Beer Tourists Among the Regulars

By Stan Hieronymus and Daria Labinsky Published July 2003, Volume 24, Number 3

A Blue-Collar Throwback

If you are willing to stand up for what’s in your glass, then you’ll have more opportunities to enjoy the ambience. Not everybody would send you to the Harbor Inn in Cleveland. It seems out of place these days in the area known as the Flats, a former industrial part of the city that has turned into an entertainment hotbed.

Step out of the wind whipping off the Cuyahoga River and into this place on a Friday afternoon when fish is frying in the kitchen, and if the floor swayed to the left you’d swear you were on a ship. There’s a 50-foot mahogany bar that could have been here soon after the first bricks were laid in 1895.

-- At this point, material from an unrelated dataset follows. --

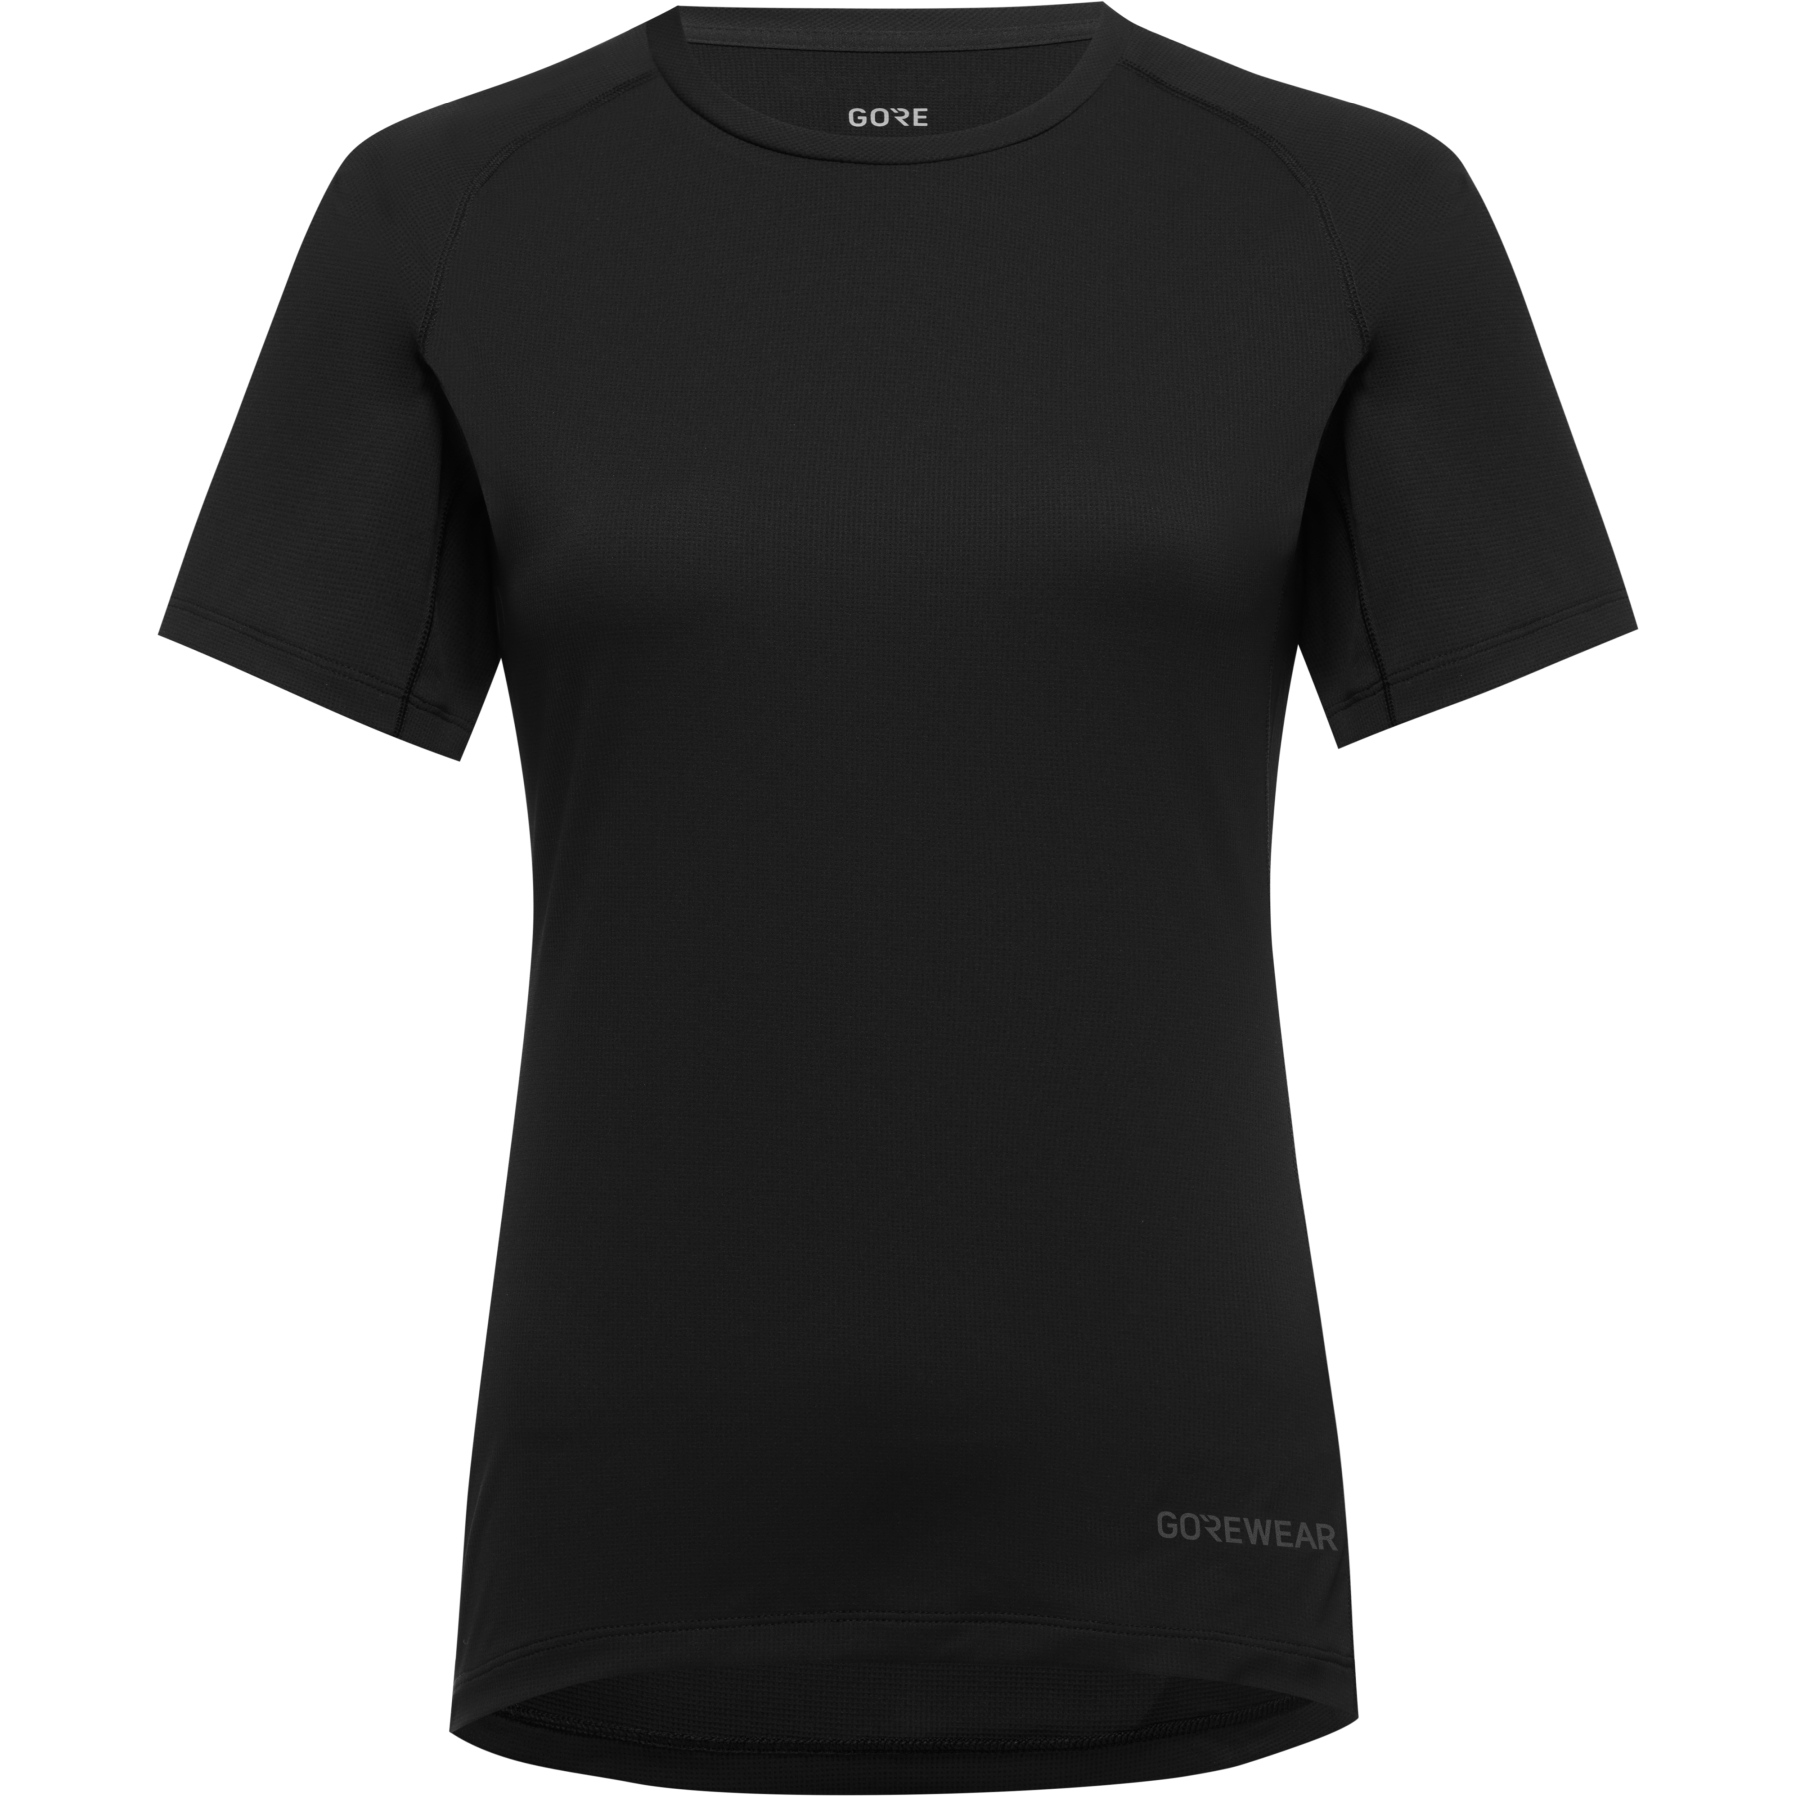 Produktbild von GOREWEAR Everyday T-Shirt Damen - schwarz 9900

The Harbor Inn is a waterfront bar and still a blue-collar haven, a throwback to when the regulars were sailors and steel workers. It’s damp, with foreign currency tacked onto the immense wooden back bar, the ends of which are carved lighthouses. Portholes flank the entrance, a plain blue door. Life preservers hang everywhere. Of course, so do neon beer signs, beer mirrors, Christmas lights, spirits advertising, Cleveland Browns stuff, and other items that have been landing on the walls for years. The arcade games offer the same mix of new and classic.

There are no windows, and it seems brighter at night than during the day. You get the feeling that even regulars haven’t seen everything on the walls. An “Independence for Slovenia” bumper sticker was visible behind the bar the first time we visited, right beside pictures of scantily clad women. The run of spirits is a good 25 feet long and several levels high.

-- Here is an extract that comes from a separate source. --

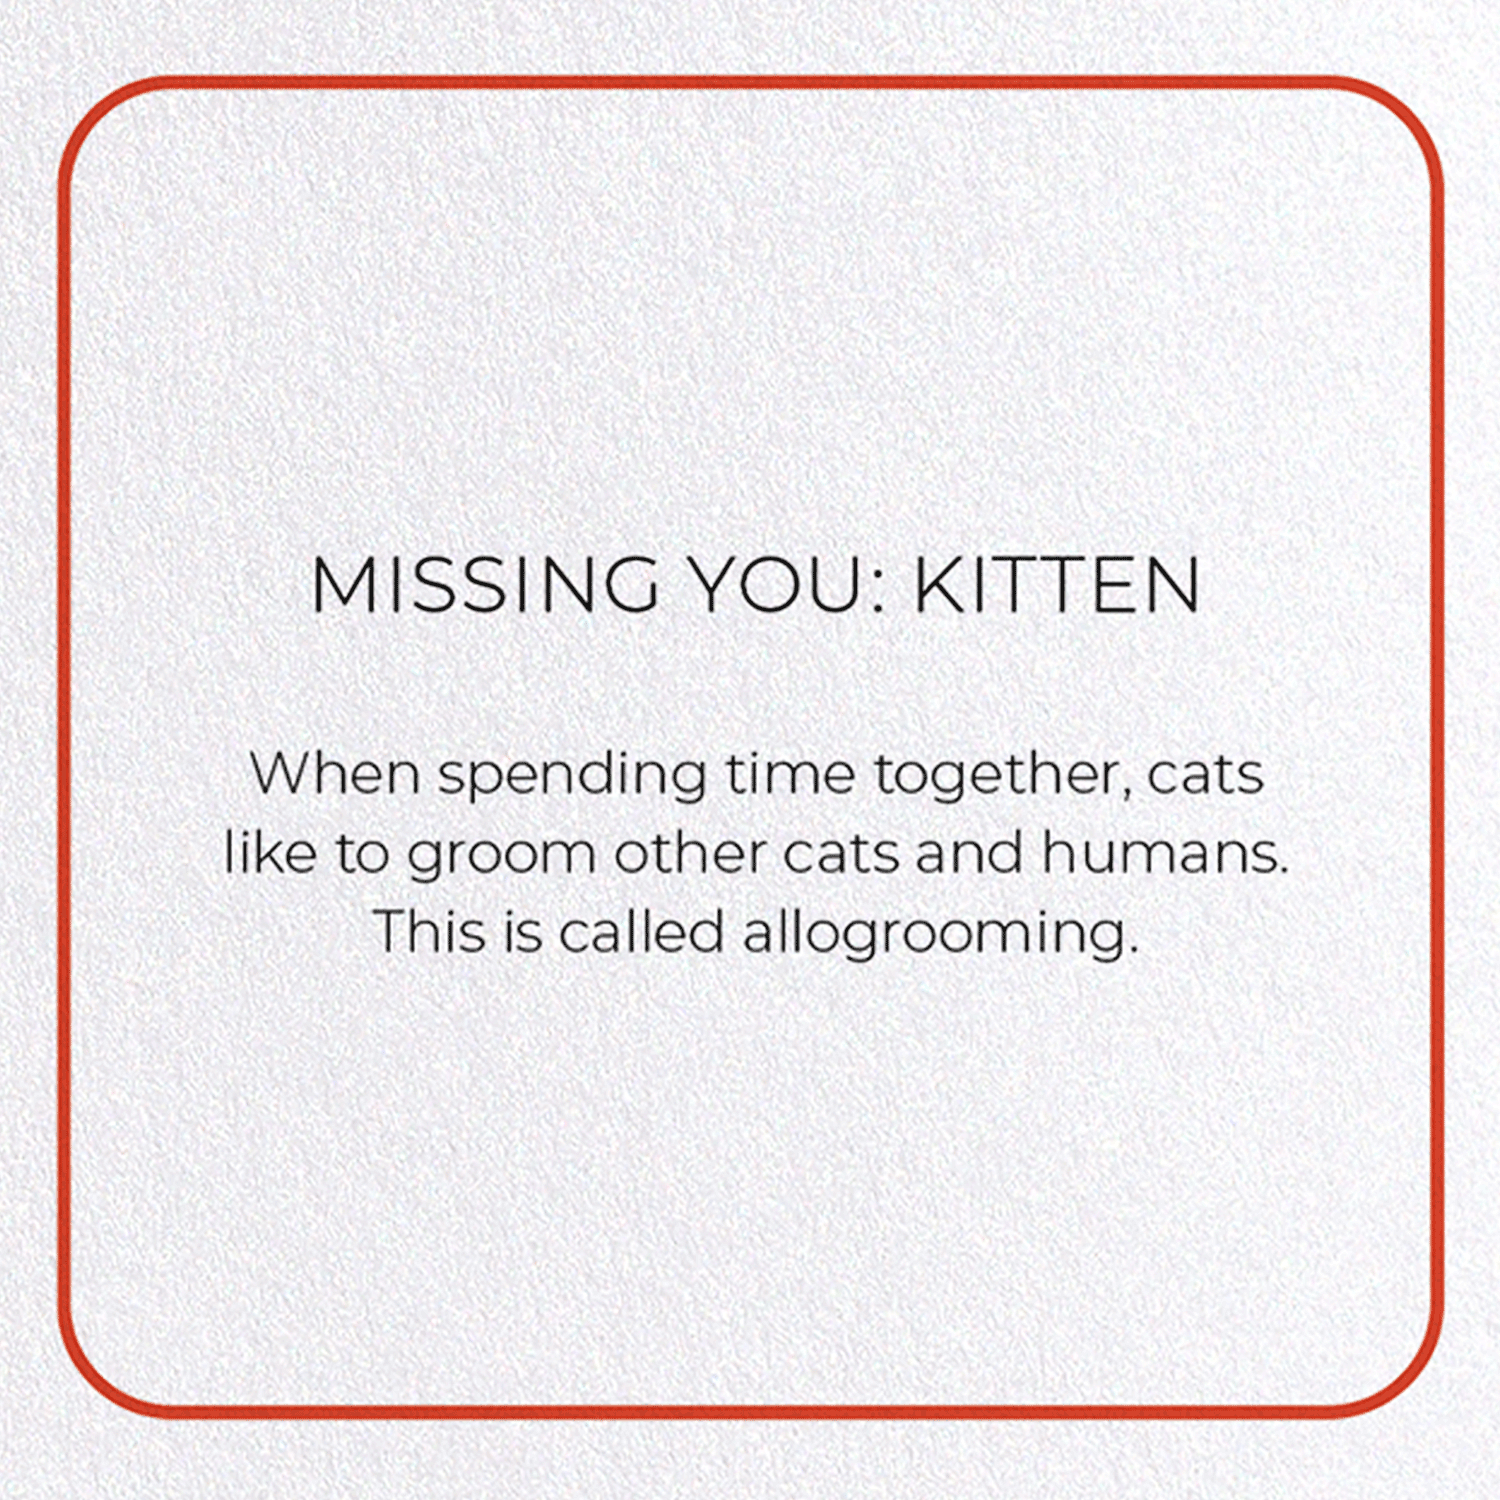 MISSING YOU: KITTEN

The Harbor Inn has no draft beer, but there are more than 150 bottle choices, a truly international offering. The best way to order is to look at the bottles on shelves behind the bar, occasionally asking the bartender to move a bottle or read an unfamiliar label. Good sense tells us that there’s every chance some of those bottles have been around for a while, but we’ve been twice—and the second time with a group of people who tried a range of beers—and even the more exotic beers were in good shape.

Stan Hieronymus and Daria Labinsky are authors of The Beer Lover’s Guide to the USA (St. Martin’s Griffin).